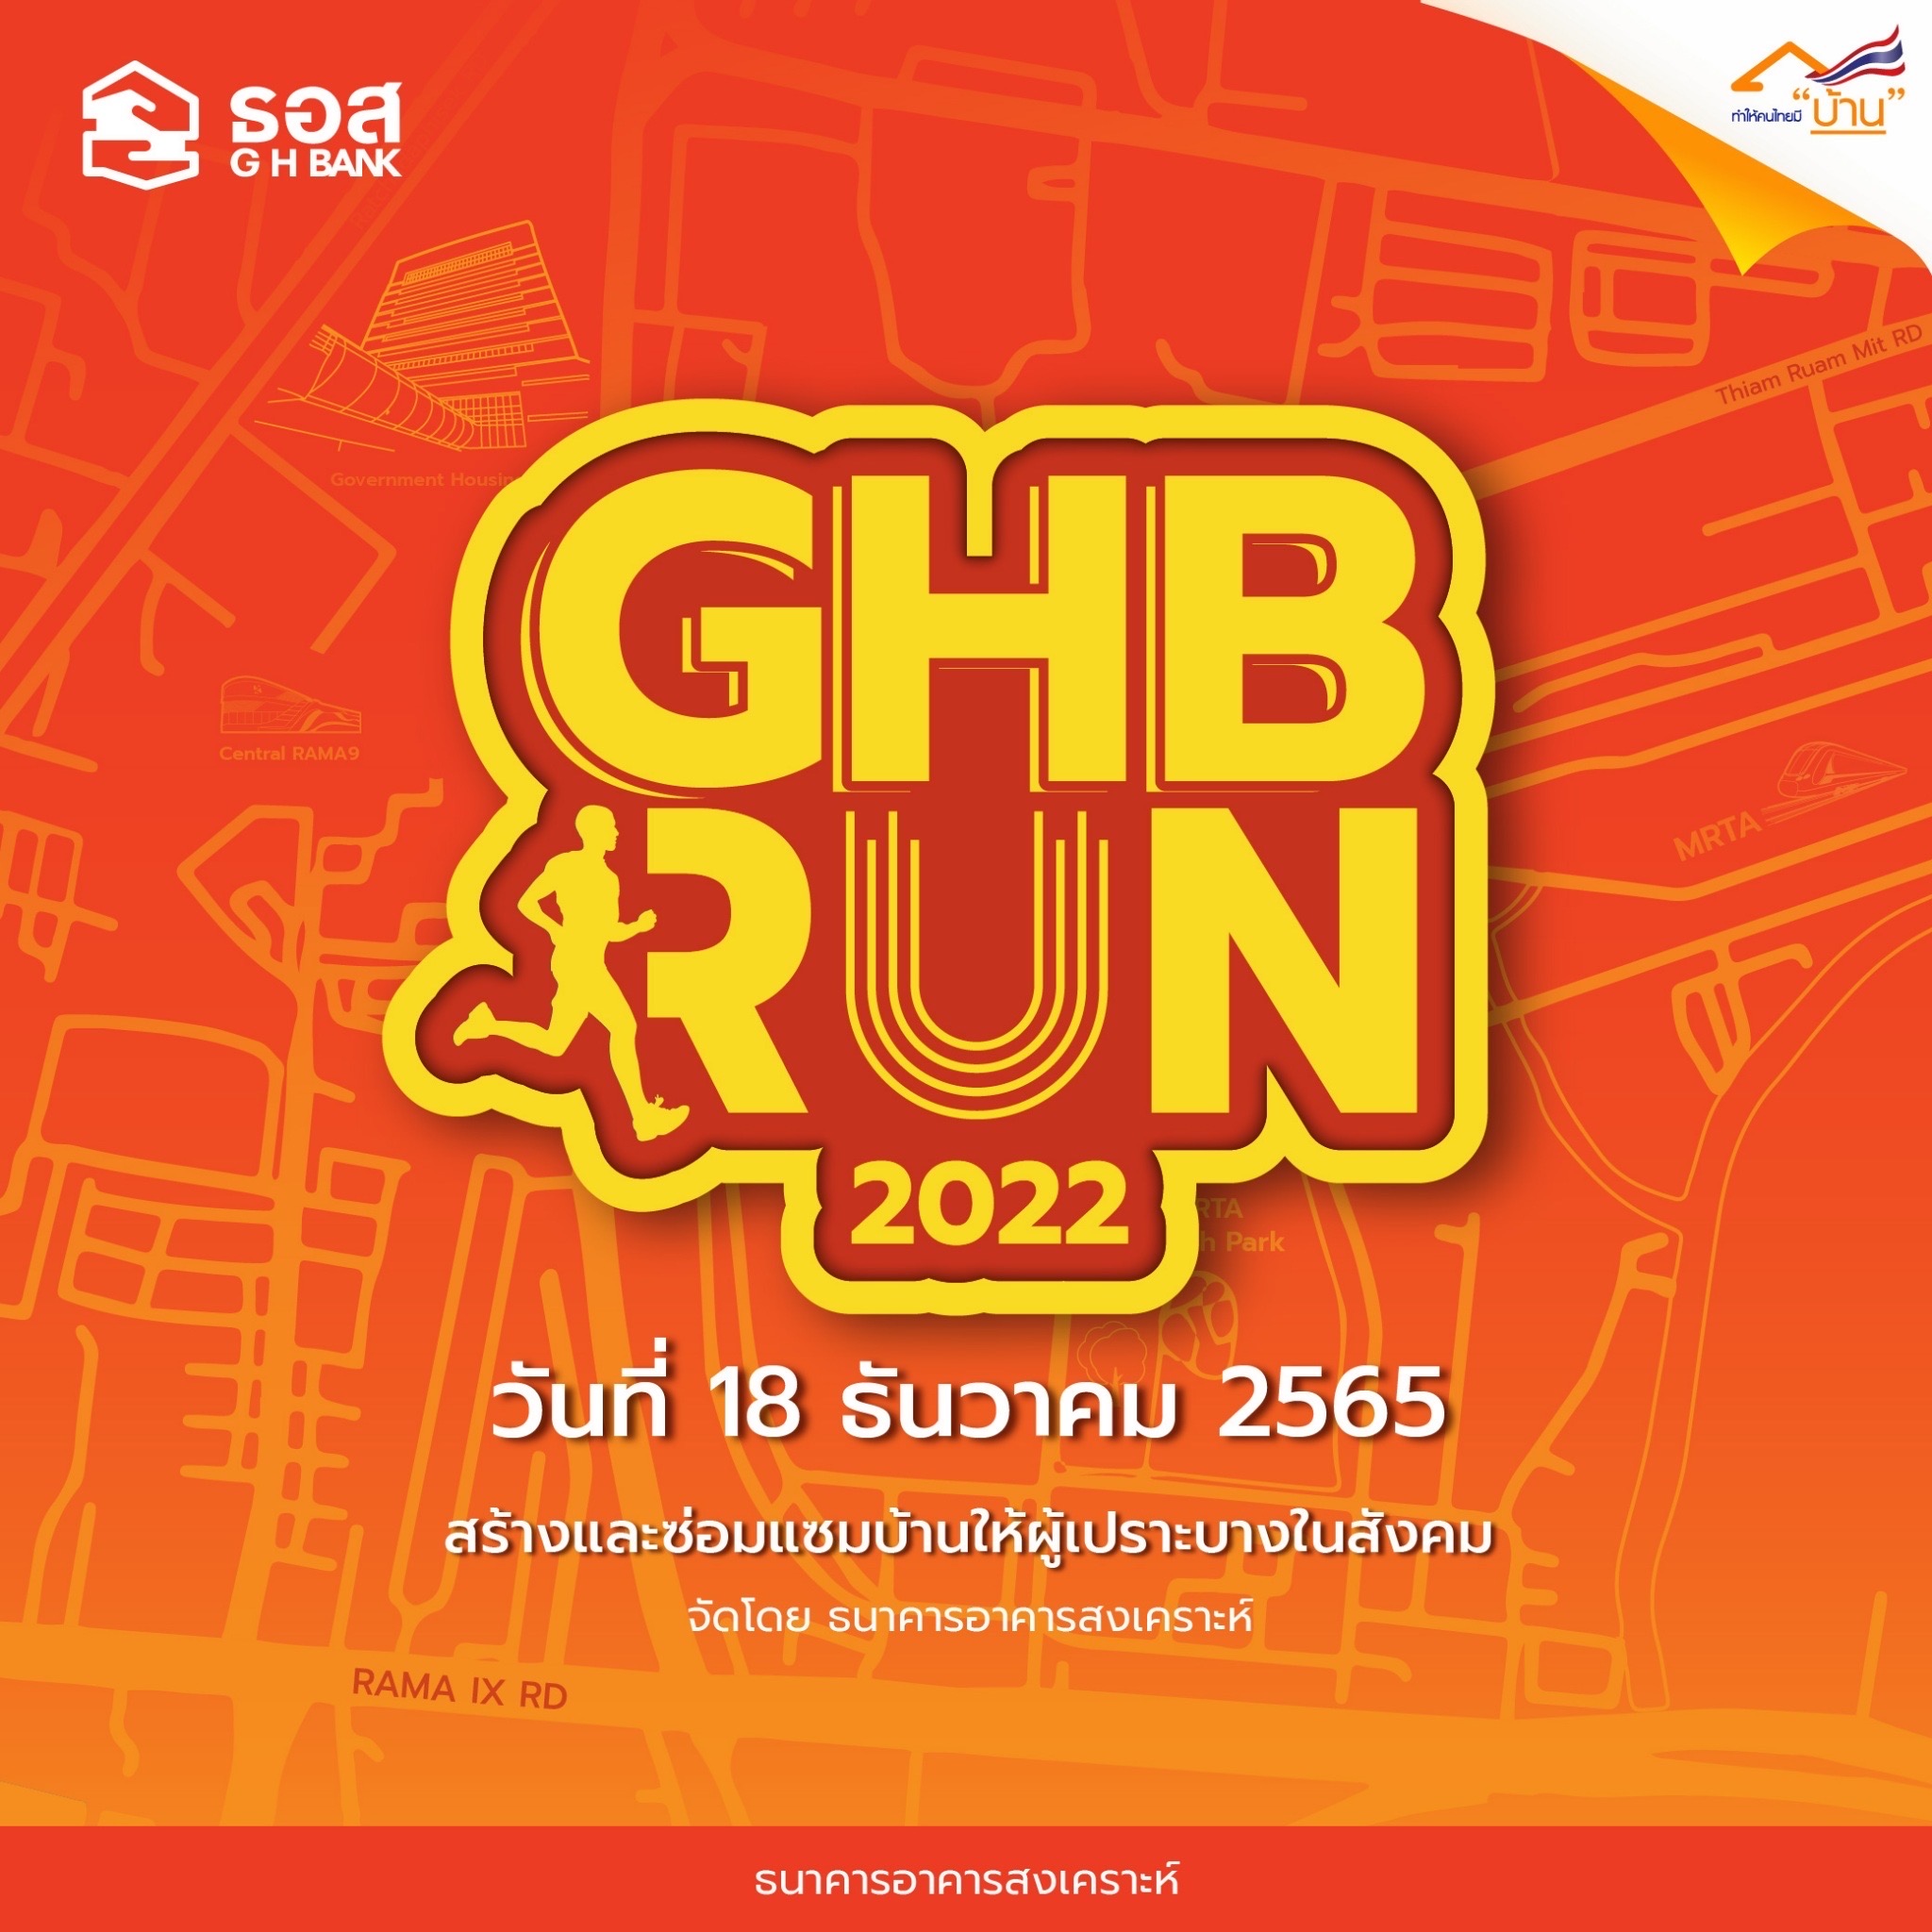 ธอส. ชวนร่วมงานเดิน-วิ่ง GHB RUN 2022 ชิงเงินรางวัล 3.4 แสนบาท อาทิตย์ที่ 18 ธ.ค.นี้
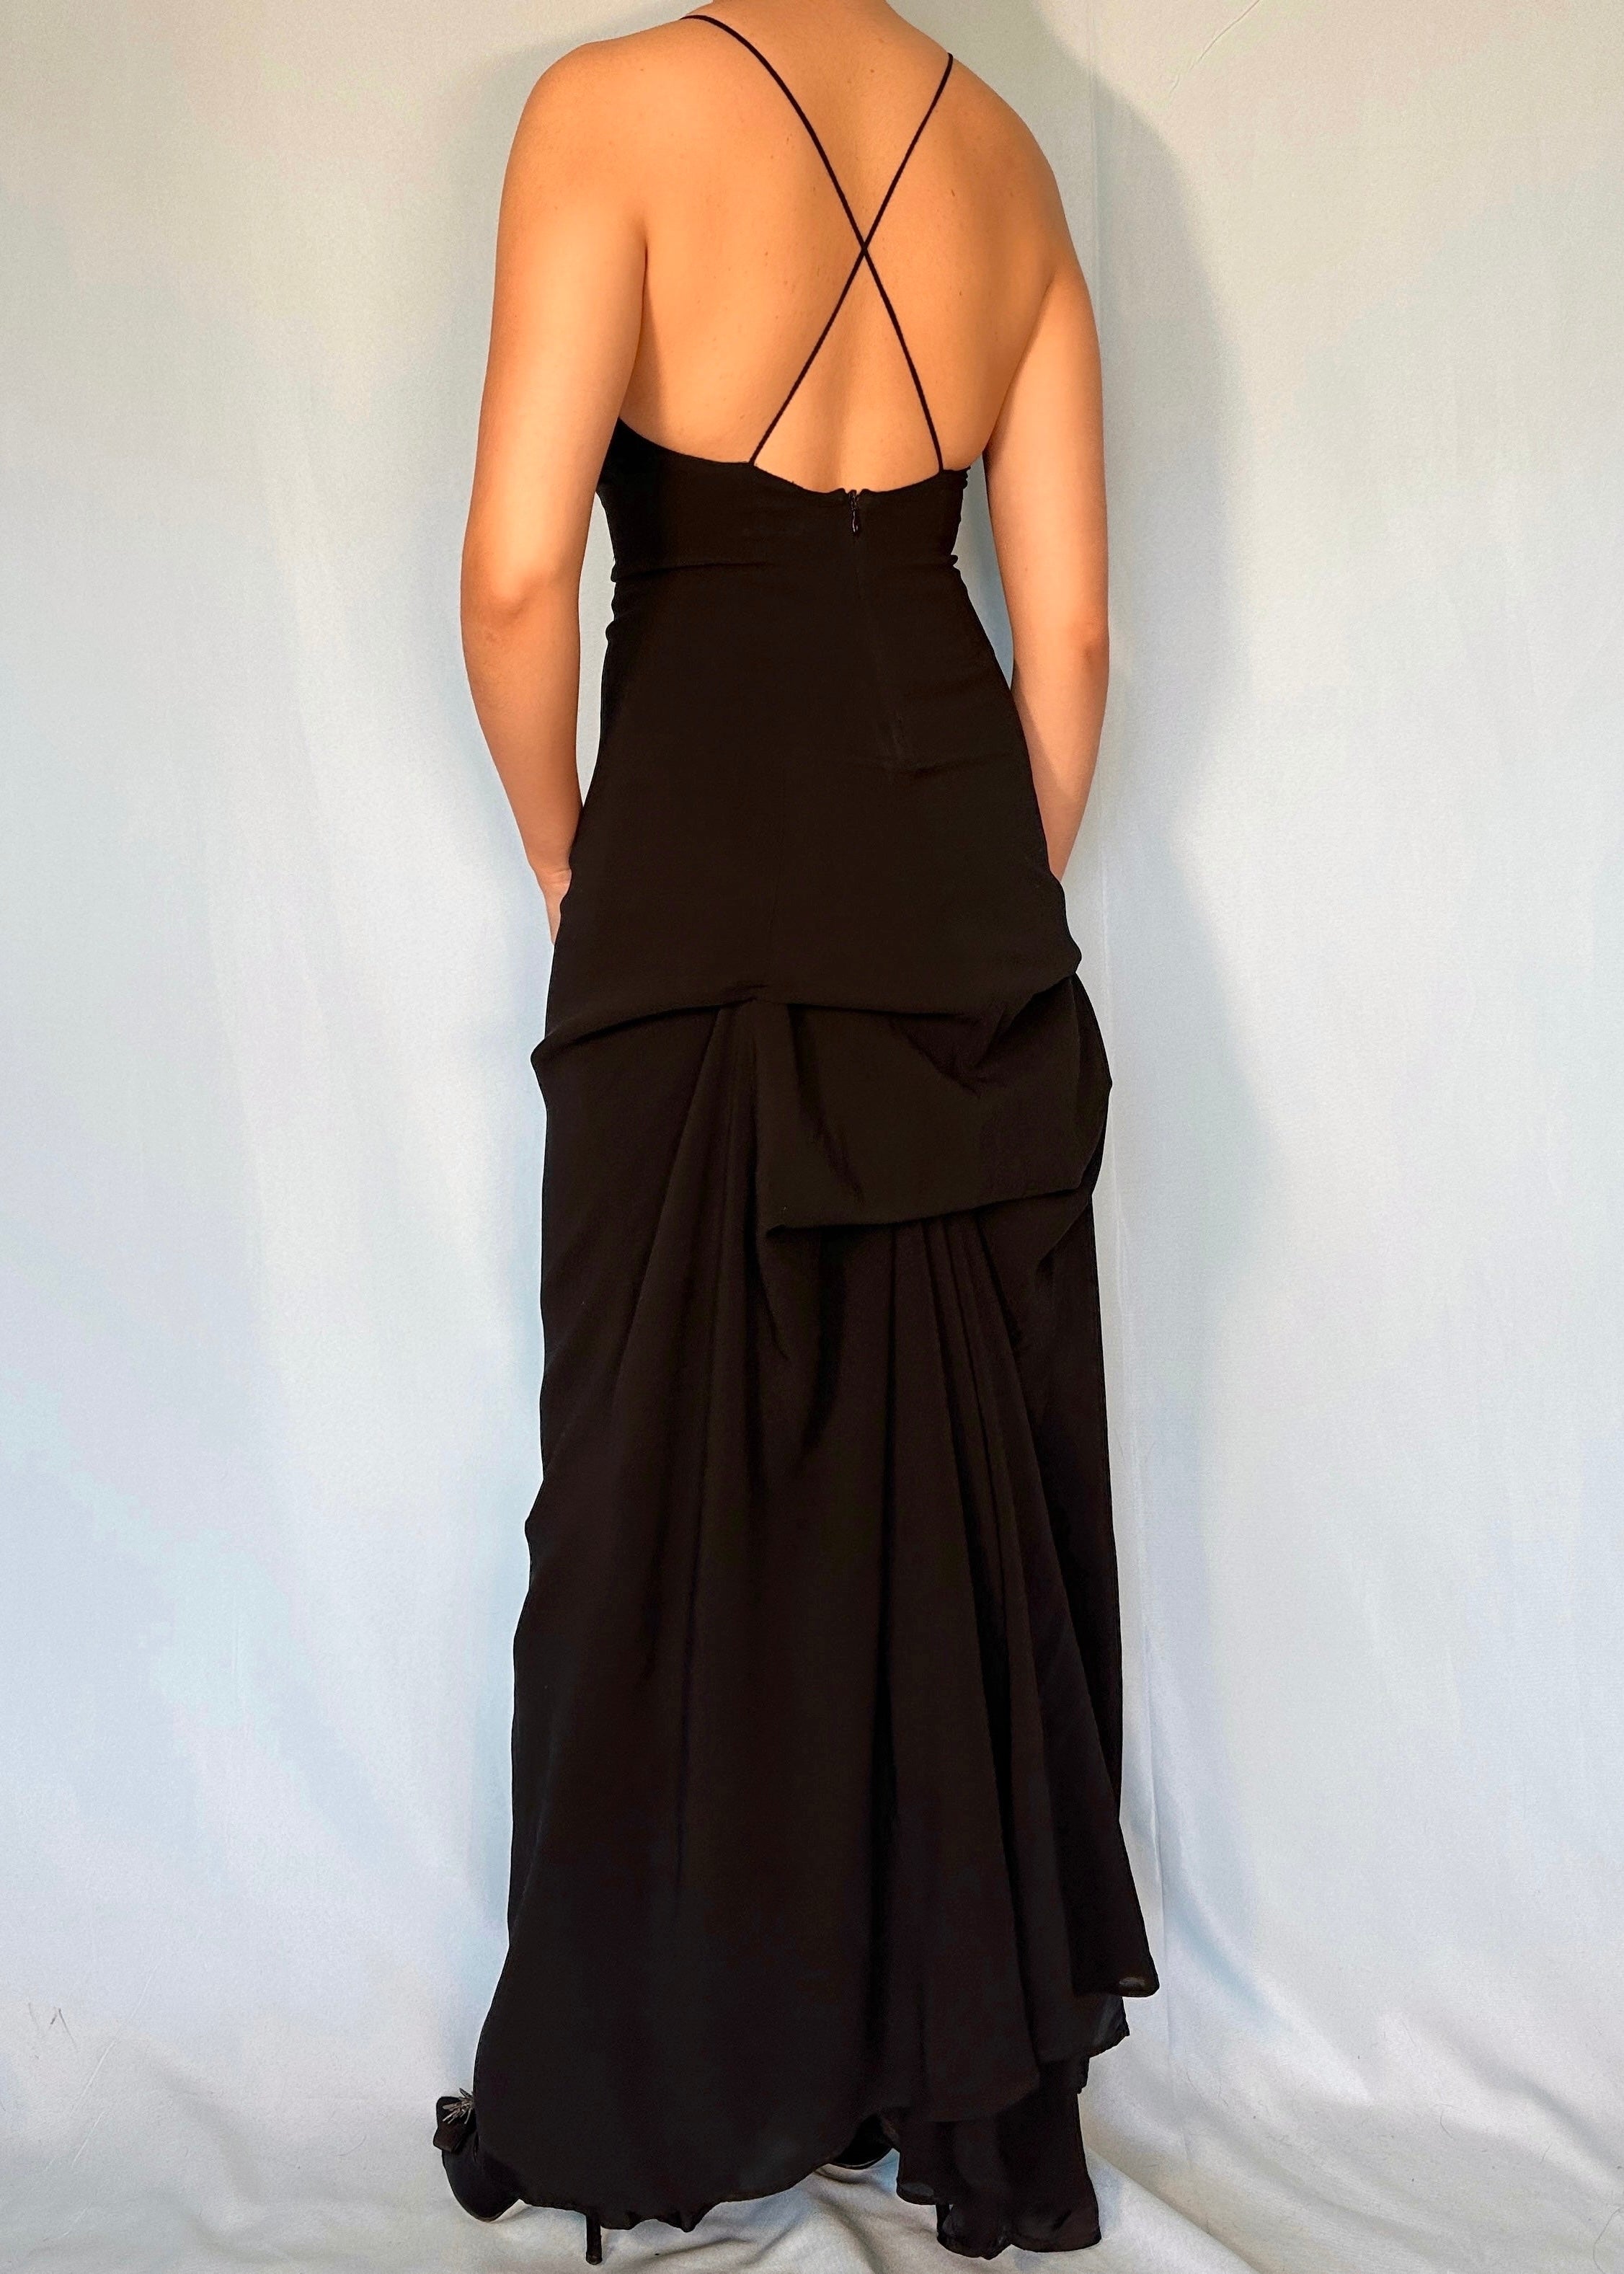 Dries Van Noten Black Hand-Painted Maxi Dress
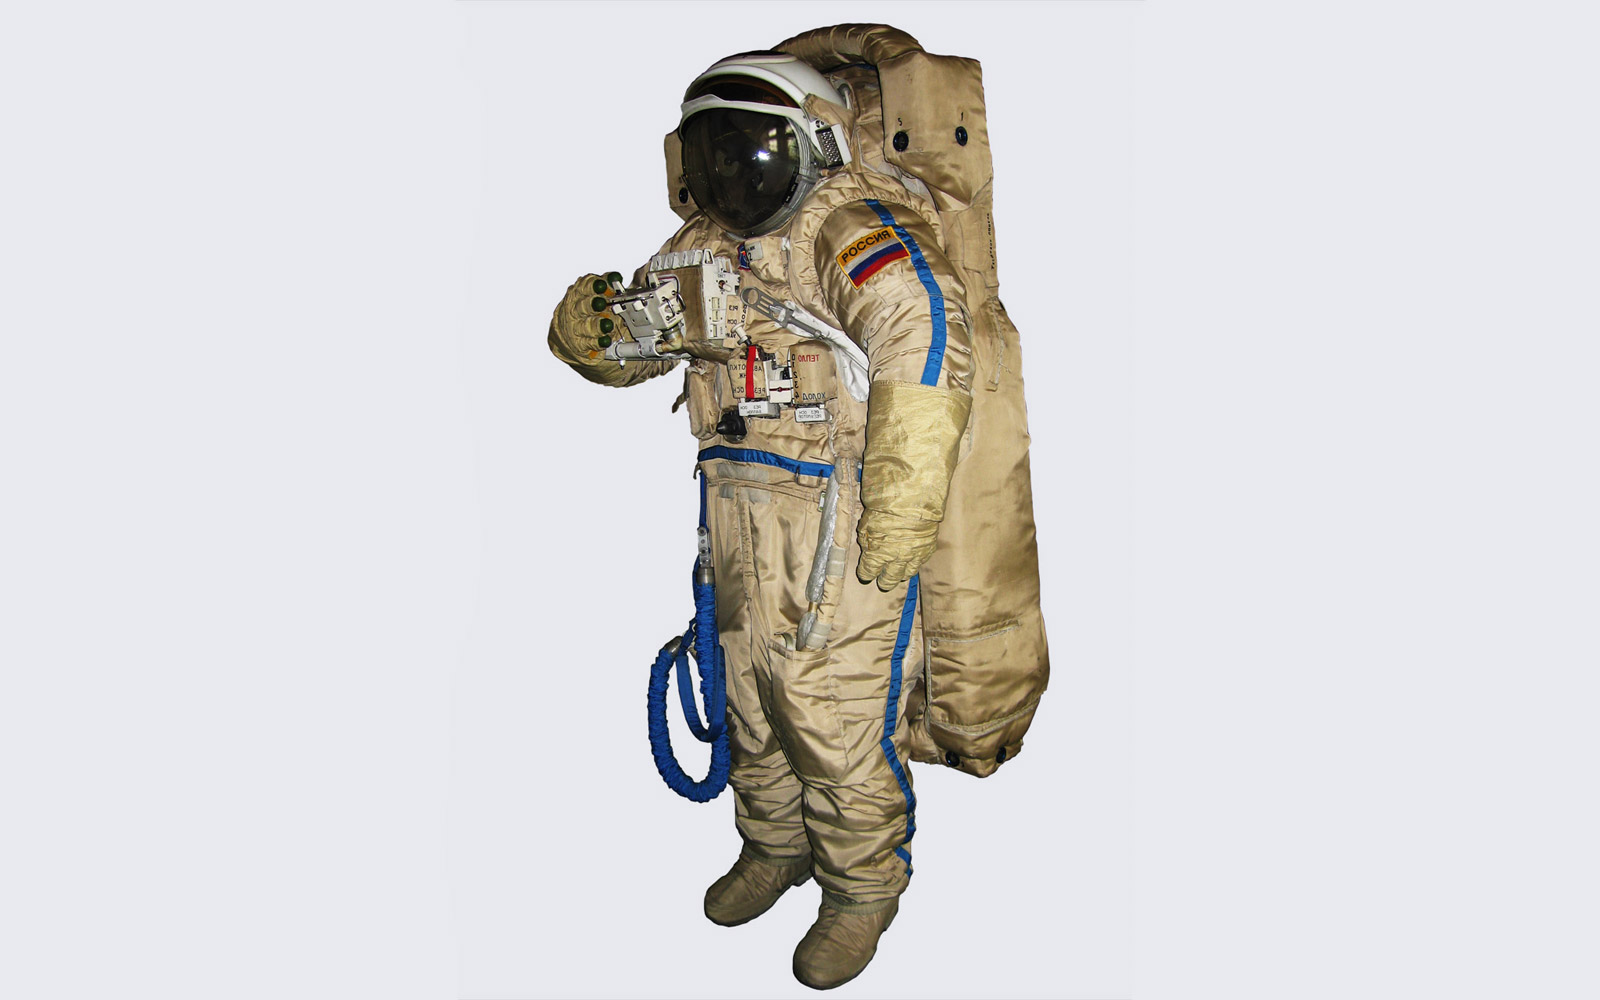 Со скафандром. Скафандр Орлан. Скафандр Космонавта. Космический скафандр Орлан. Орлан костюм Космонавта.

● **WORK INSTRUCTIONS**:
Transcribe exactly the span of lines from the line holding "Dries Van Noten" through the last line above, both included. Pictures stay out.

● **ANSWER TO THIS TASK**:
 Dries Van Noten Black Hand-Painted Maxi Dress
 Со скафандром. Скафандр Орлан. Скафандр Космонавта. Космический скафандр Орлан. Орлан костюм Космонавта.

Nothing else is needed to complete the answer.